Judge Feldman said that the decision to suspend drilling in wells in depths greater than 500 feet "simply cannot justify the immeasurable effect on the plaintiffs, the local economy, the Gulf region and the critical present-day aspect of the availability of domestic energy in this country."
The American Petroleum Institute praised today's ruling, saying in a written statement, "The moratorium was an initial reaction to concerns about the safety of offshore oil and natural gas operations. However, an extended moratorium would have a tremendous impact on the nation's energy security – and cause significant harm to the region of the country that was already suffering from the spill – without raising safety or improving industry procedures."

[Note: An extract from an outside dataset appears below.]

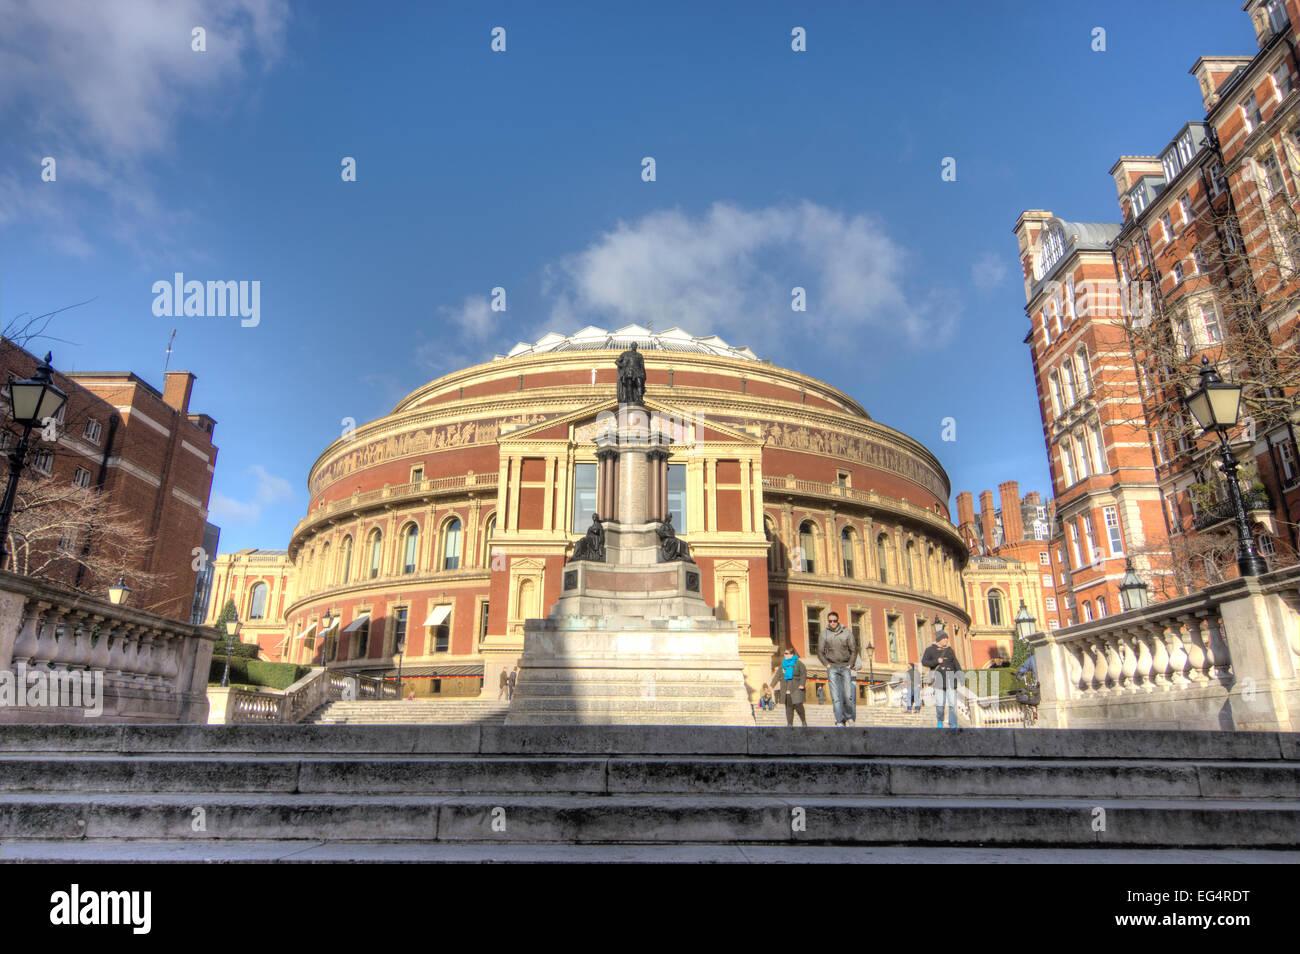 royal albert hall London - Stock Image

"With this ruling, our industry and its people can get back to work to provide Americans with the energy they need, and do it safely and without harming the environment," the petroleum institute said.
Judge Feldman in 2008 had holdings in companies with links to the massive oil spill. In a 2008 financial disclosure form posted online by Judicial Watch, Feldman listed interests in Transocean, which owned the Deepwater Horizon rig.
According to the Associated Press the president of Transocean, Steven Newman, has been critical of the six-month ban.
Public advocates, meanwhile, said the temporary ban doesn't go far enough.
"A federal judge's decision today to block a six-month moratorium on new deep-water drilling projects is extremely shortsighted," said Tyson Slocum, Director of Public Citizen's Energy Program."If anything, the temporary ban that President Barack Obama declared in May should be made permanent."